Иван поднял голову. Шея скрипнула, будто несмазанные петли. Его глаза, тусклые и запавшие, скользнули по ее неподвижной спине, по острым углам ее плеч, выступающим под тонкой тканью. Вид этой хрупкой, окаменевшей спины, несущей невыносимую тяжесть утраты, стал последней каплей.
Он встал. Медленно, с усилием, будто поднимая пудовую гирю. Половицы под его тяжелыми сапогами жалобно застонали. Звук казался неестественно громким в гнетущей тишине дома. Он прошел пару шагов, остановился перед Татьяной, но не вплотную. Держал дистанцию, словно боялся заразиться ее отчаянием или потревожить ее отрешение.
— Таня… — Его голос сорвался с первого раза, вышел хриплым, как ржавая пила. Он сглотнул комок в горле, попробовал снова: — Таня…
Она не обернулась. Ни малейшего движения. Только дождь стекал по стеклу за ее спиной.
— Я… — Иван сделал паузу, собирая слова, которые казались ватными и бесполезными. — Я так больше не могу. — Он выдохнул, и в этом выдохе был стон усталости, вымотавшей душу. — Сидеть тут. Ждать. Смотреть… — Его рука, крупная, с узловатыми пальцами, дернулась в сторону пустого угла, где валялась одна-единственная, грубо вырезанная из дерева лошадка Пети. Потом жест переместился к столу — огромному, пустому. — Смотреть на это… — Он не смог закончить. Голос снова сел.
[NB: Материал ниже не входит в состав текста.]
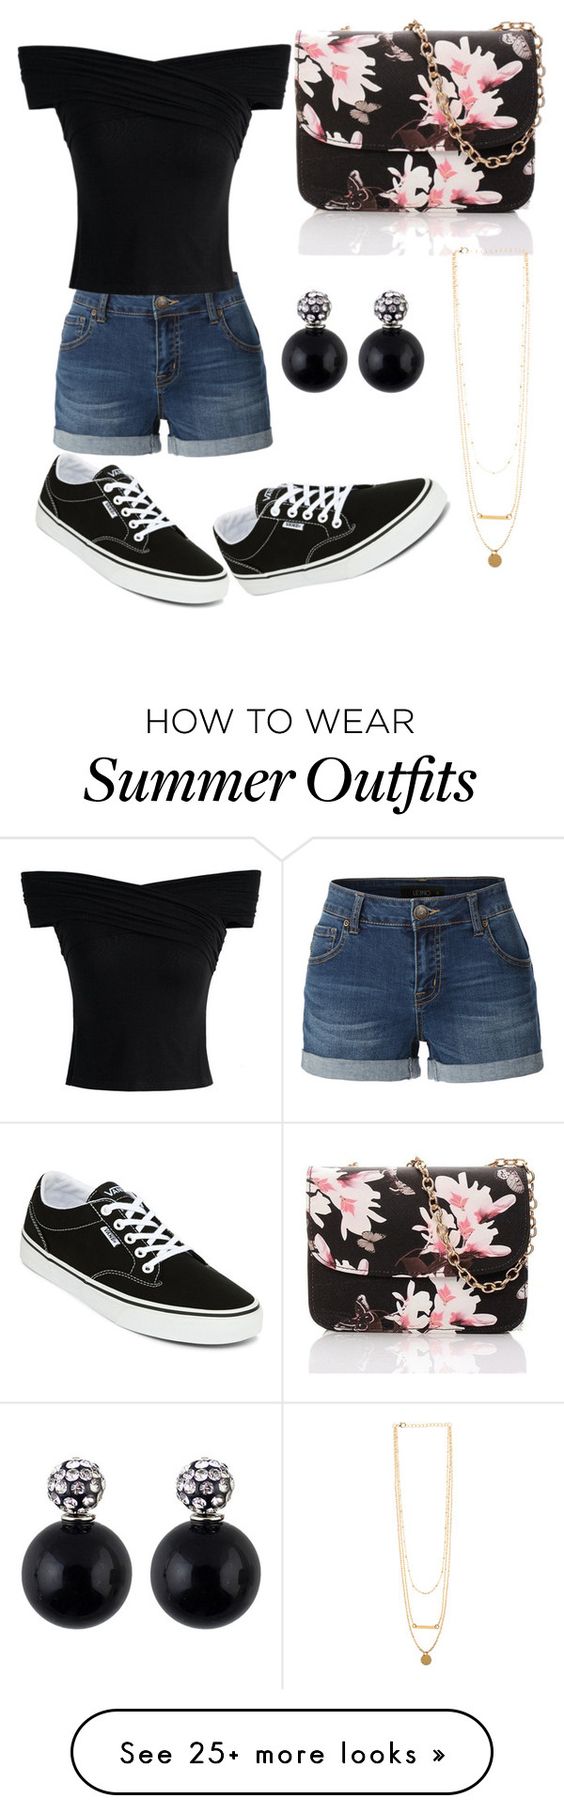 Casual Outfits For Girls: 10 Outfit Ideas With Shorts

Тишина навалилась тяжелее. Летний дождик за окном стих, затаившись. Бабка Агафья не подавала признаков жизни за своей дверью. Наверху, в каморке Игоря, не было слышно ни звука. Дом был большим, сырым склепом.
Иван выпрямил спину, пытаясь найти в себе остатки прежней твердости. Но это было жалкое подобие. — У меня… свой дом. — Он произнес это не с вызовом, а с усталой констатацией факта. Последней соломинки. — Свои стены. Я… пойду туда.
Он не ждал ответа. Не ждал понимания. Не просил прощения. Он просто сообщал о решении, которое созрело за эту последнюю, длинную ночь. Его душа, измученная страхом перед незримым ужасом, который бродил где-то рядом, и бессилием, не выдержала. Нервы были оголены, звенели от каждого шороха в темноте. Ему нужно было бежать. Хотя бы в другой конец деревни. В свою избу, где пахло дымом от печи, дегтем и выделанной кожей — он был неплохим скорняком. Где не было взгляда Татьяны в пустоту, пустого детского стула, валявшегося на боку, и зловещего осинового кола, прислоненного к печи — немого напоминания о попытке борьбы, которая ни к чему не привела.
Татьяна медленно, очень медленно кивнула. Совсем чуть-чуть. Ее плечи под лохматой шалью дрогнули один раз — микроскопическое движение, единственный знак того, что слова долетели. Она не обернулась. Не произнесла ни звука. Ее безразличие было абсолютным. Дом был мертв. Люди в нем — призраки. Иван здесь или там — какая разница?
Иван вздохнул. Глубоко, тяжело, как будто этот вздох сбрасывал с его плеч невидимый, но неподъемный груз — груз ожидания, груз соучастия, груз страха. Он повернулся, шагнул к печи. У ее основания, в углу, стоял его топор. Настоящий, тяжелый, с гладко отполированной временем и работой рукоятью из ясеня и широким, слегка затупленным, но все еще грозным лезвием. Он взял его. Вес знакомого инструмента, его твердая, незыблемая реальность, на секунду придал ему призрачную опору в этом мире теней и ужаса. Топор был простым, понятным. Им можно было рубить дрова. Им можно было… защищаться. От чего-то осязаемого. Не от этой незримой, ползучей тьмы, что заполнила дом Смирновых.